My creative literary juices aren't flowing. I think everything got lodged in the fine arts section of my brain, where I bet a waterfall is happening right now. Even my math skills aren't up to par. Remember the drawings two posts ago? Everything I drew was actually 6, not 5. Stupidy-oopidy. And then there's the issue of mood swings. I've been pretty moody lately, so much so that it has actually penetrated my consciousness. I hate doing chores. Will not do it, will compromise, will complain, will wail, will make somebody else do it and then, will settle down comfortably and enjoy the ride. Sama ko no? I don't know how I do it, but I sort of manage to sneak around my chores... though I'm trying to do my part because I'm already feeling guilty. As long as I'm not sticky with sweat, I'm okay with it. Other than that, well... please let me have the fan. And oh, a nice cold glass of water too.

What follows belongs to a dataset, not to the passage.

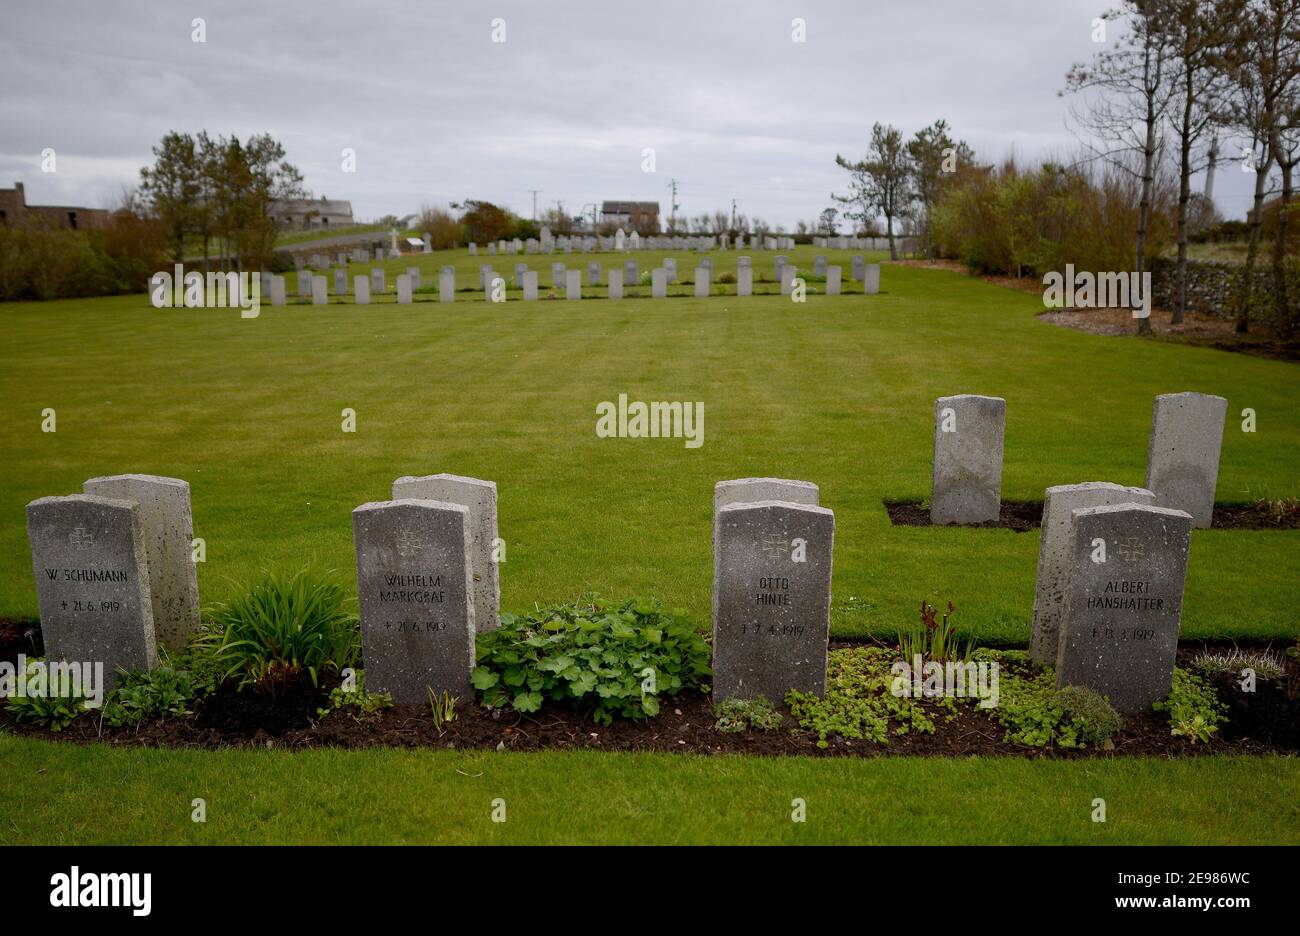 Graves of 13 German sailors at the Lyness Naval cemetery who died in the Grand Scuttle,Orkney Islands, Scotland .The Orkney Islands North of Scotland Stock Photo

I wonder what's wrong with me. Just thinking out loud. I've been very irritable this week, starting with that hell-hole of a camp. Or maybe it's just because I had my period from the second day onwards. It's not exactly comfortable to be climbing up and rapelling down, while feeling the steady drip, with the knowledge that you don't have anything on. Didn't get my shorts bloody, thank goodness, though I did leave blood spots on the mat. Oops. Sorry EartHaven people.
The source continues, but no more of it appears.